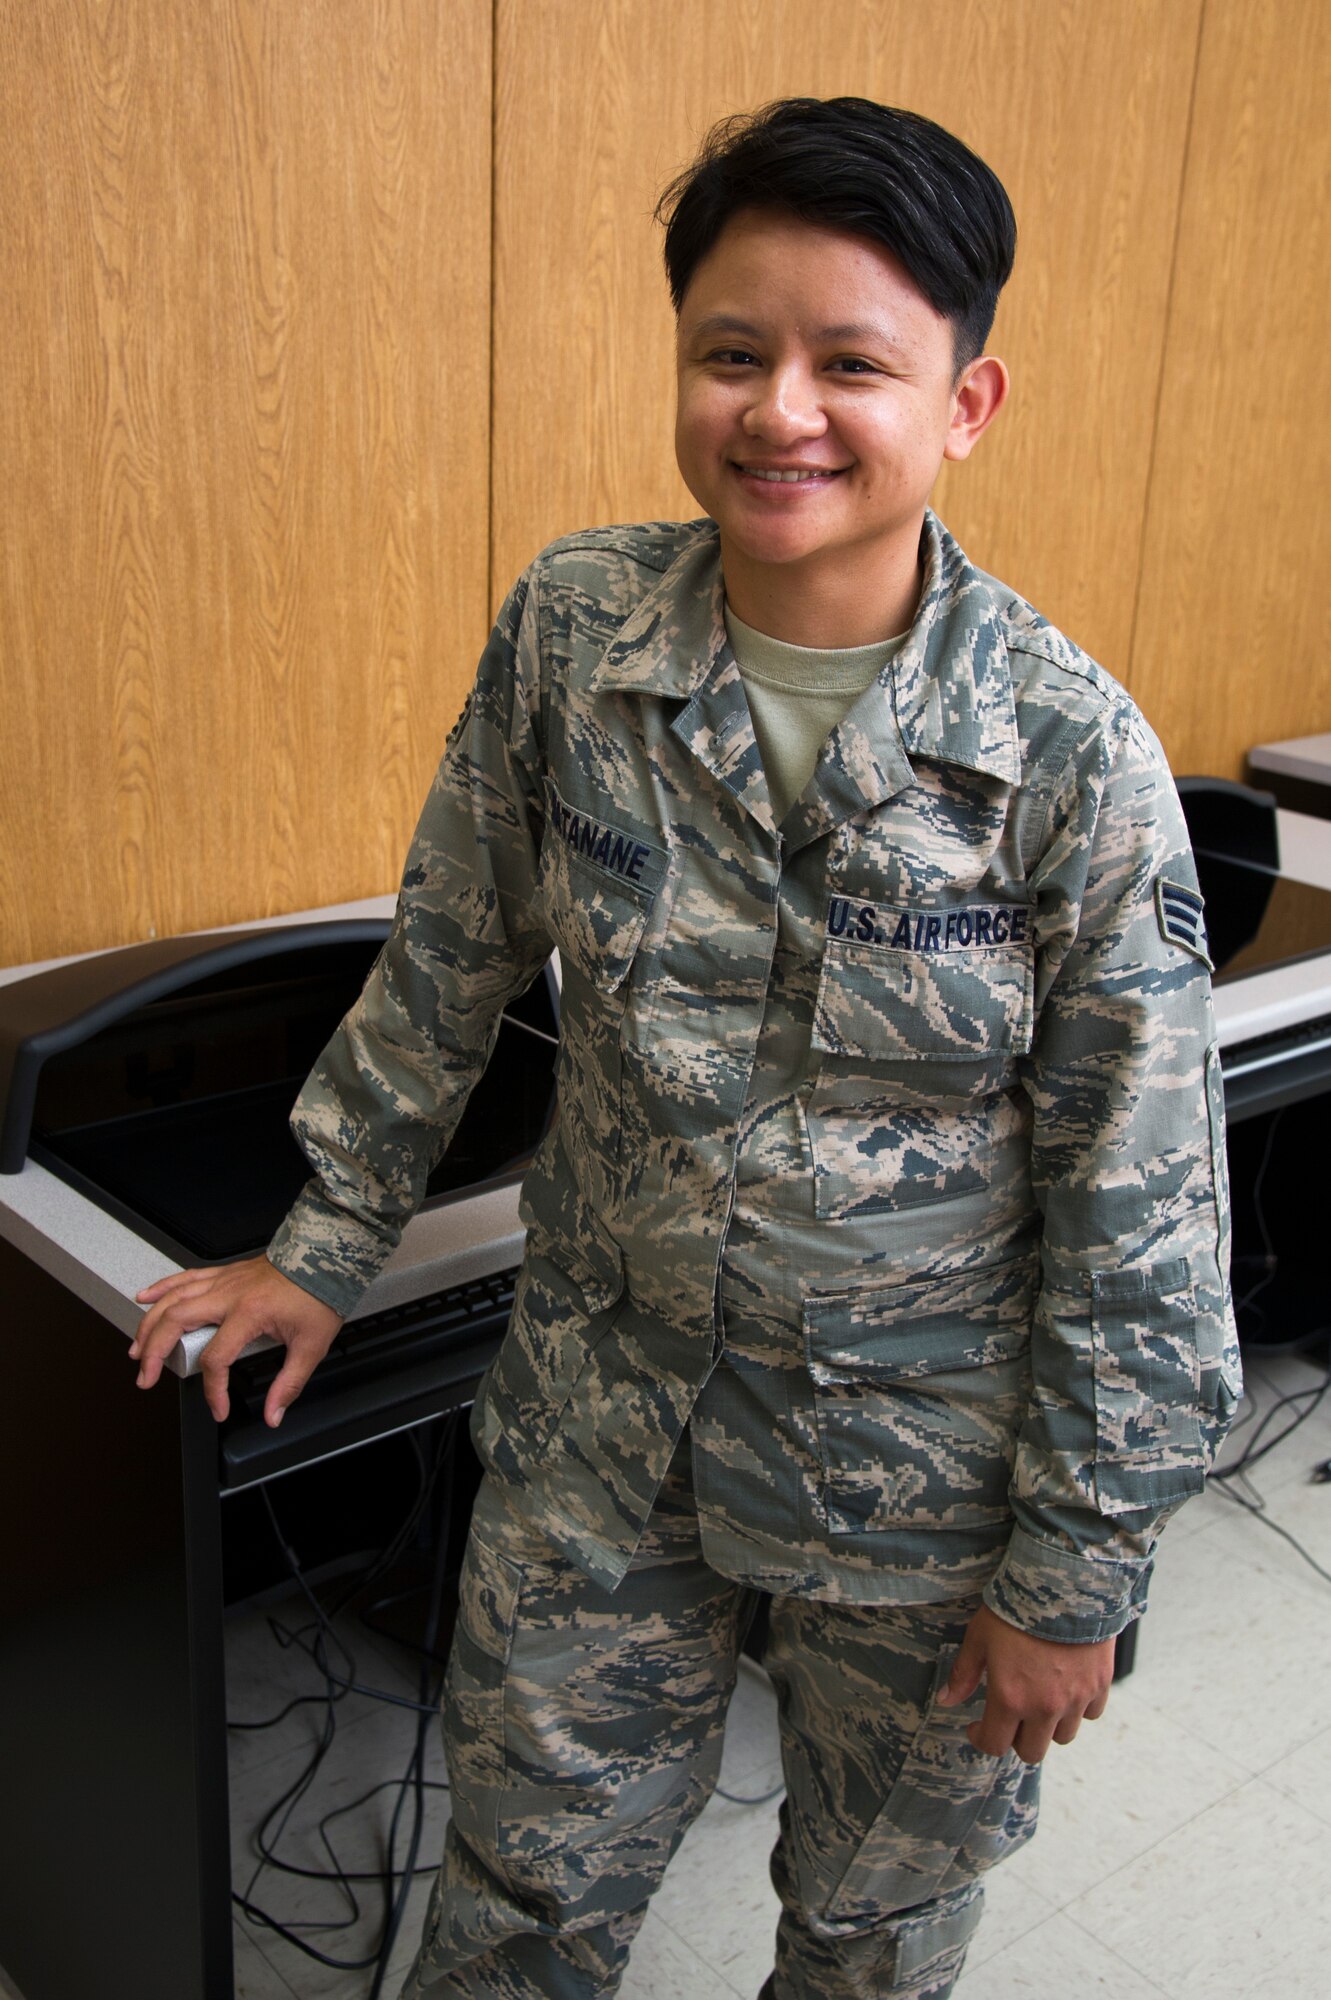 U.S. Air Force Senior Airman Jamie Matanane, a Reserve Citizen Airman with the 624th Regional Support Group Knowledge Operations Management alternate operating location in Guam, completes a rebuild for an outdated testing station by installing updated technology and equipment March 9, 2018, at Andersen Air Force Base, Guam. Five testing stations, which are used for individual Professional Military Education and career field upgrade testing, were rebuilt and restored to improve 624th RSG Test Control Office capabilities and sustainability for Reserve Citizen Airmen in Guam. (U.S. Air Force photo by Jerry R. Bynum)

....

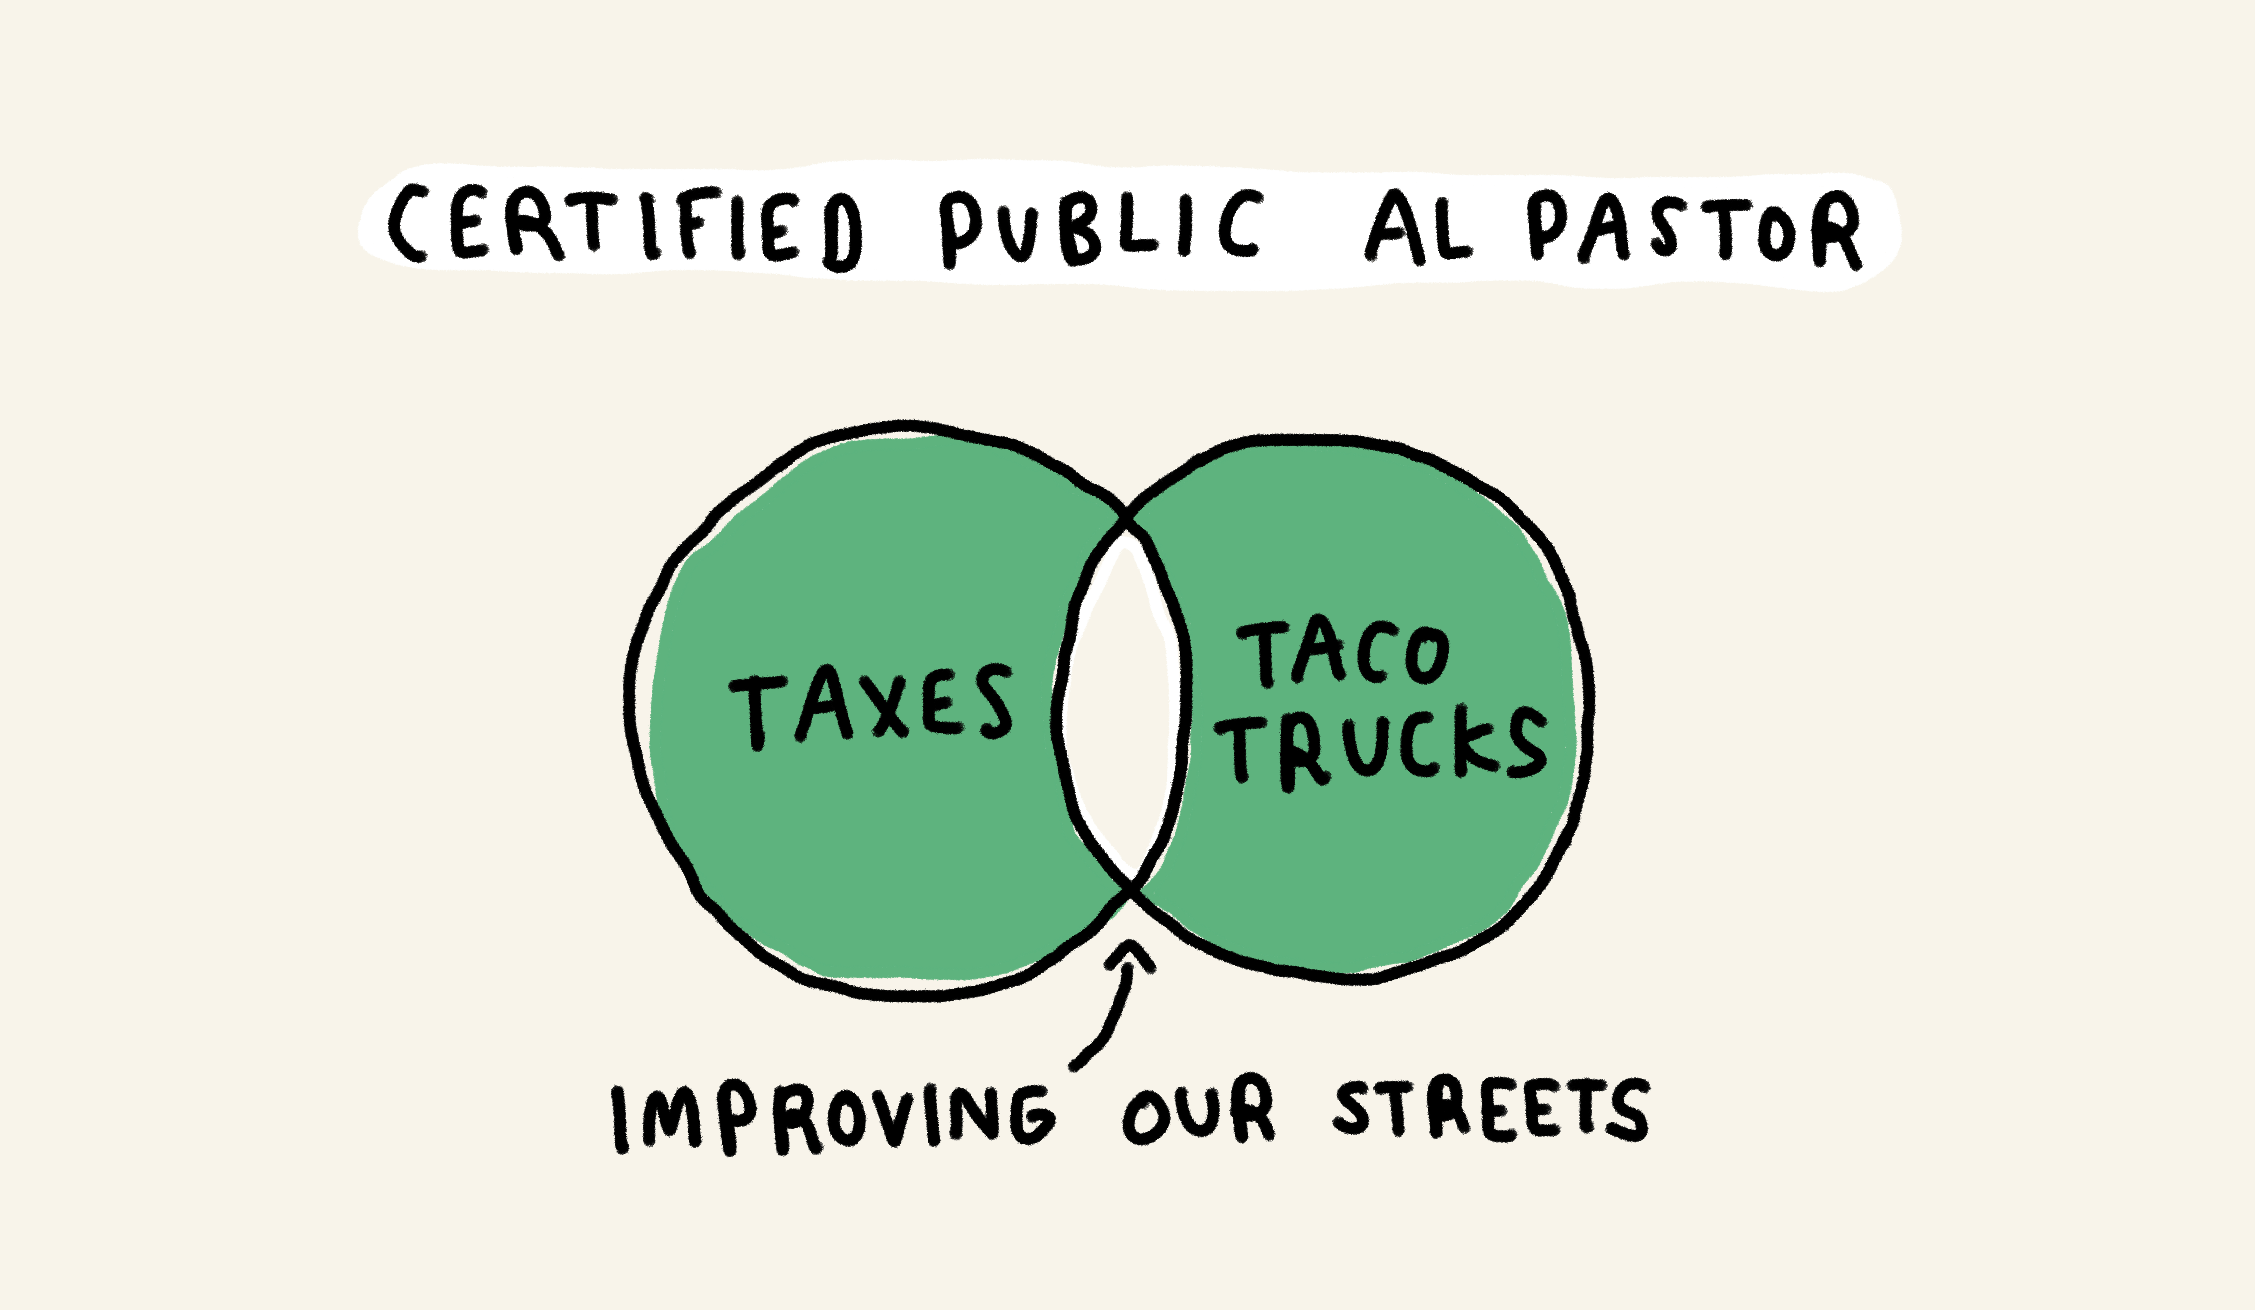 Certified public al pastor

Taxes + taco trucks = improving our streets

....

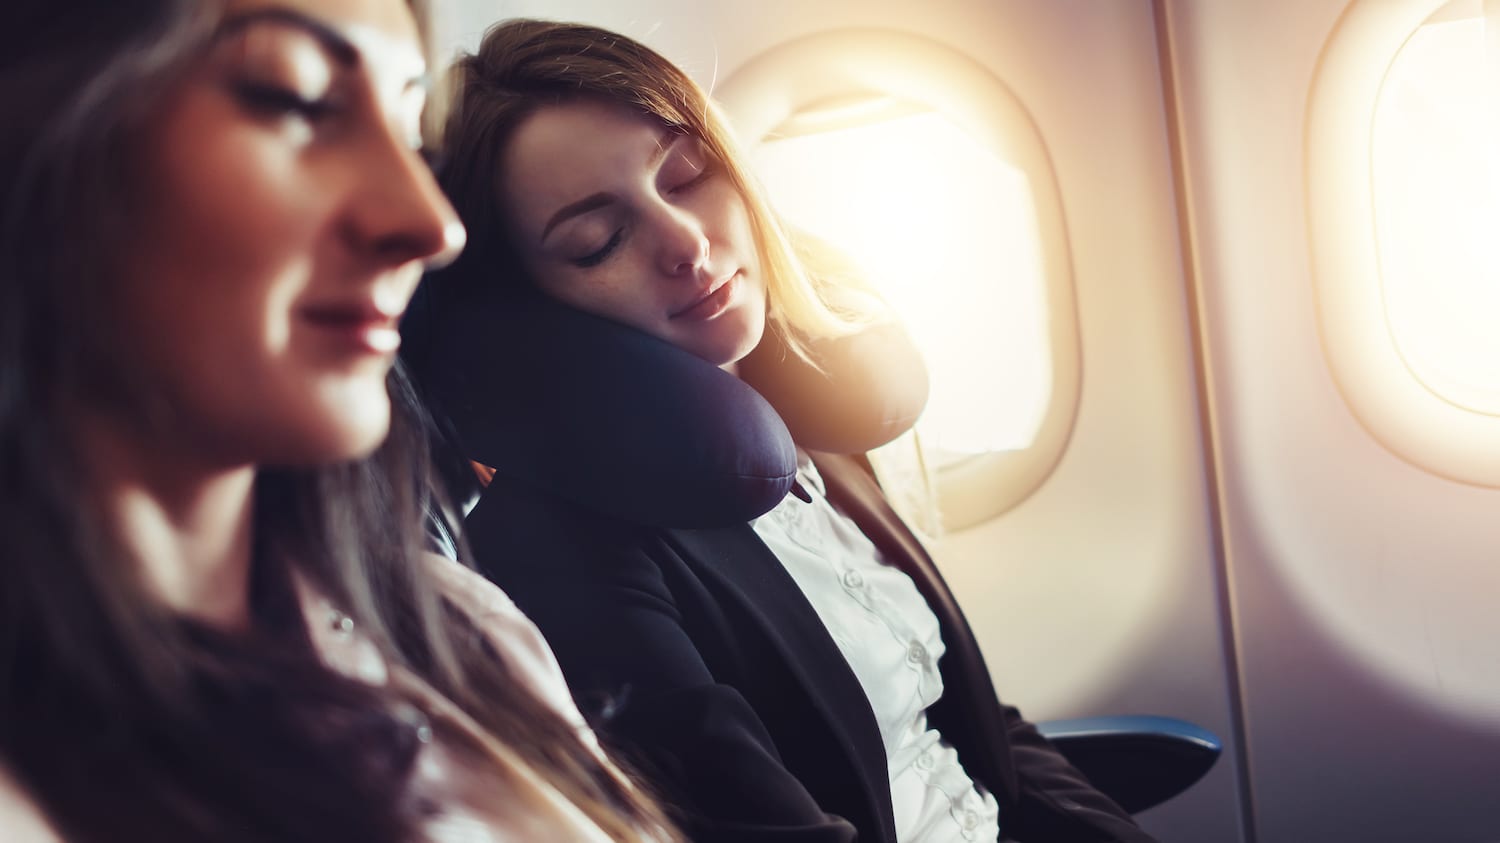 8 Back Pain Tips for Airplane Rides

....

Action item: From the line with "Certified public al pastor" up to and including the line with "Taxes + taco trucks = improving our streets" above, retype every line exactly and nothing more; leave out the pictures.

Your response:
 Certified public al pastor

Taxes + taco trucks = improving our streets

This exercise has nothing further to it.